About this work
*Green Wheat Field with Cypress* is an oil-on-canvas painting completed in June 1889, made during Van Gogh's stay at the Saint-Paul-de-Mausole asylum in Saint-Rémy-de-Provence, France.
The composition centres on a field of largely green wheat, parts of it ripening to yellow,
with a towering cypress tree standing as a sentinel, its dark silhouette cutting sharply through the azure sky.
At the end of the field, a small pink house nestles against purplish and bluish hills, while the forget-me-not blue sky is streaked with pink — pure tones set in deliberate contrast to the already heavy, scorched ears of wheat.
The entire landscape seems to tremble with the summer mistral, the strong cold wind of southern France — everything rendered in powerful rhythmic lines and swirling brushstrokes that convey nature's raw vitality.

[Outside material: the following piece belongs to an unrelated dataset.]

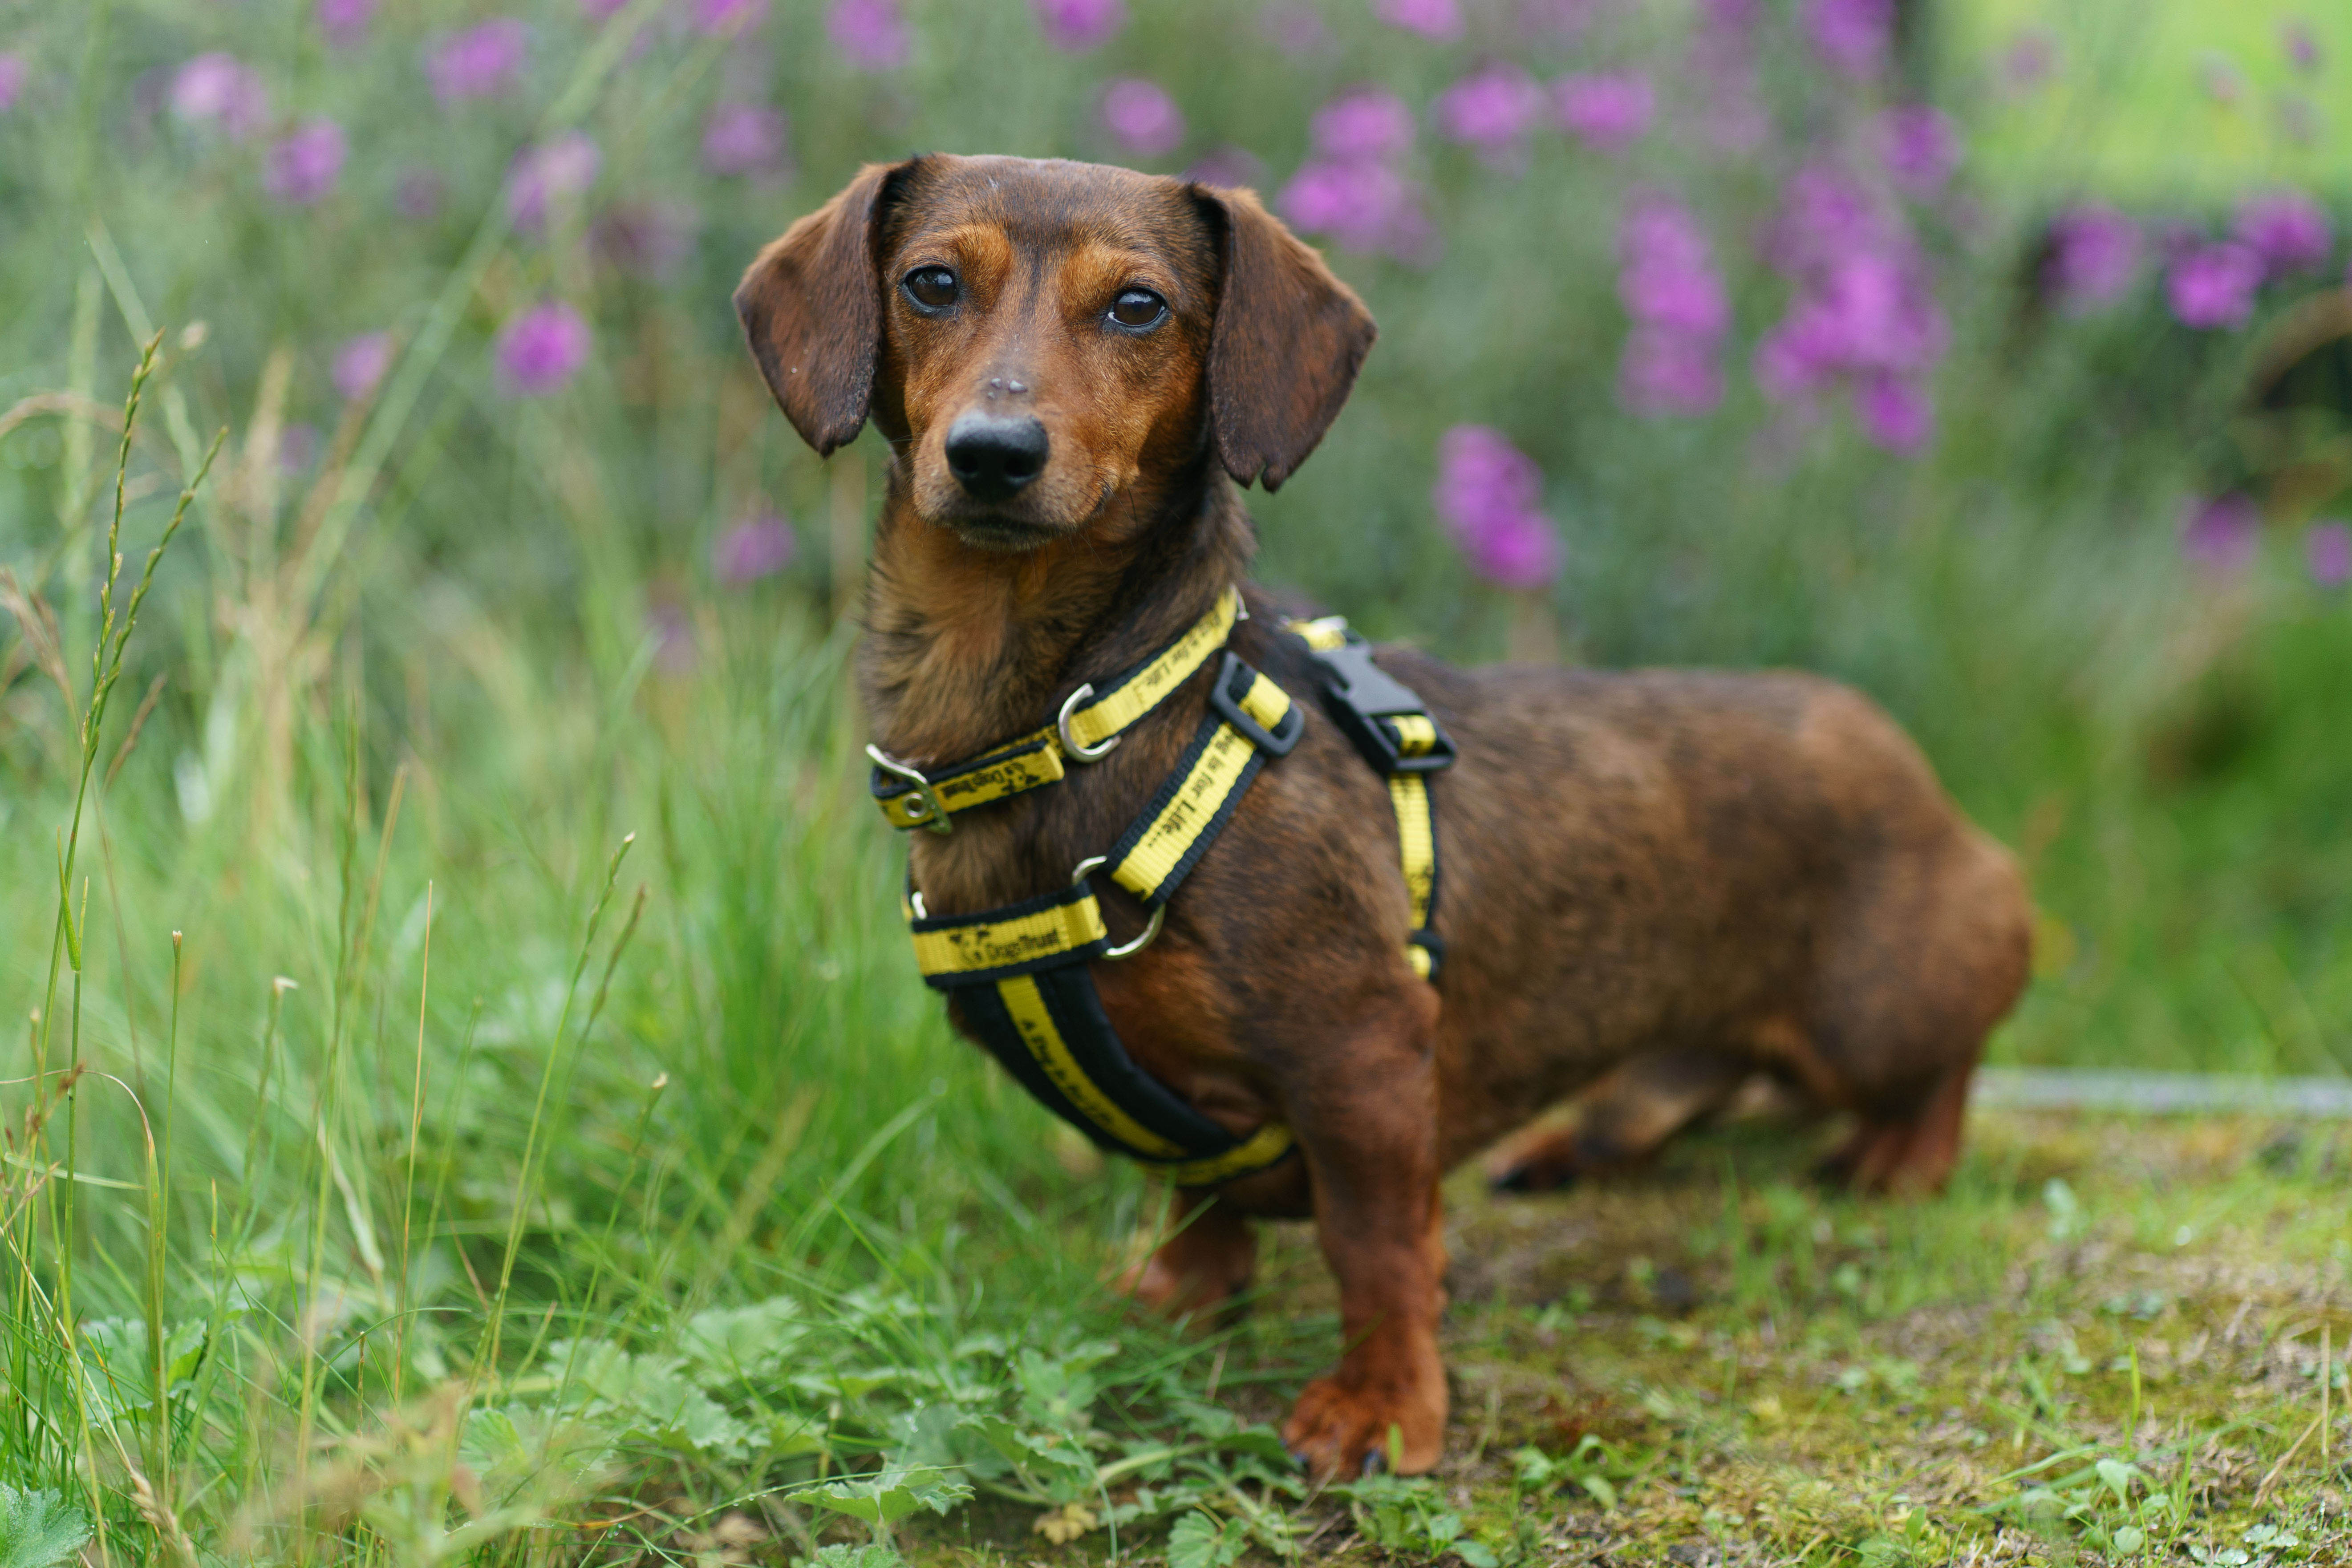 Family ‘Dogfished’ by Dachshund Doggy Dealer
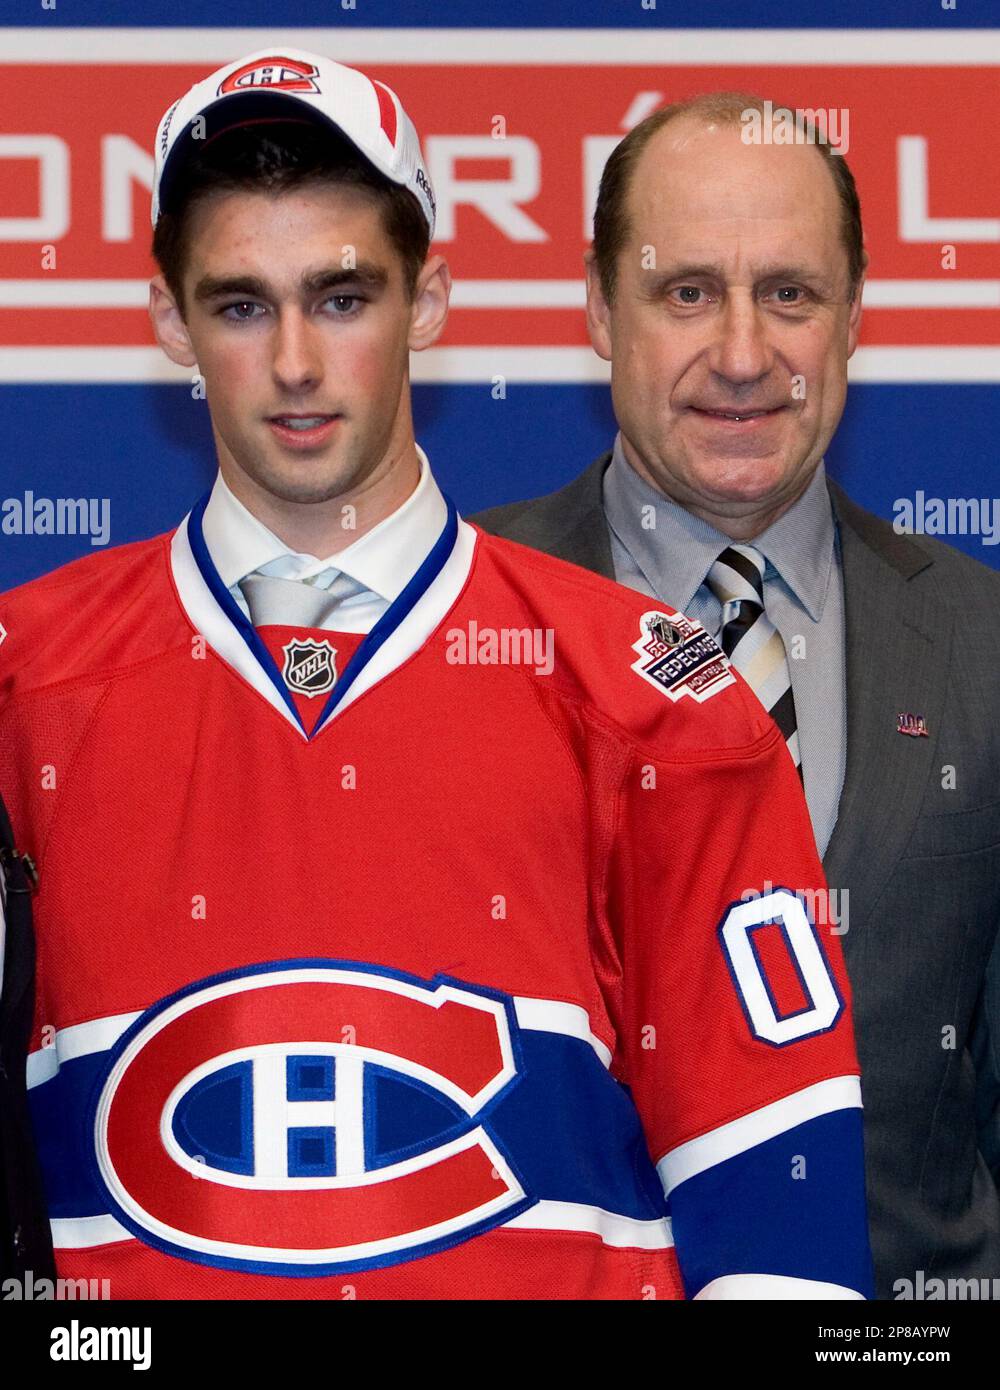 Montreal Canadiens draft pick Louis Leblanc poses for a photo with general manager Bob Gainey at the 2009 NHL hockey entry draft Friday, June 26, 2009, in Montreal

The heavy impasto technique layers paint thickly, achieving a textured surface that gives the composition remarkable depth and physical presence.
The painting was made during a period of frantic productivity, shortly after Van Gogh completed *The Starry Night*, at a time when he was intensely preoccupied with the cypress.
On 25 June 1889, just one month after admitting himself to the asylum, Van Gogh wrote to his brother Theo: "The cypresses still preoccupy me, I'd like to do something with them like the canvases of the sunflowers."
He compared the cypress's form to that of an Egyptian obelisk and described it as "a splash of black in a sunny landscape."
Van Gogh regarded this work as one of his "best" summer landscapes, and was moved that September to make two studio renditions of the same composition.
Beyond an aesthetic fondness, Van Gogh held a special affinity for wheat fields, depicting them dozens of times — to him, they symbolised the cycle of life and death, and he found in them both solace and inspiration. The painting is currently held by the National Gallery Prague, displayed at the Trade Fair Palace in the district of Holešovice.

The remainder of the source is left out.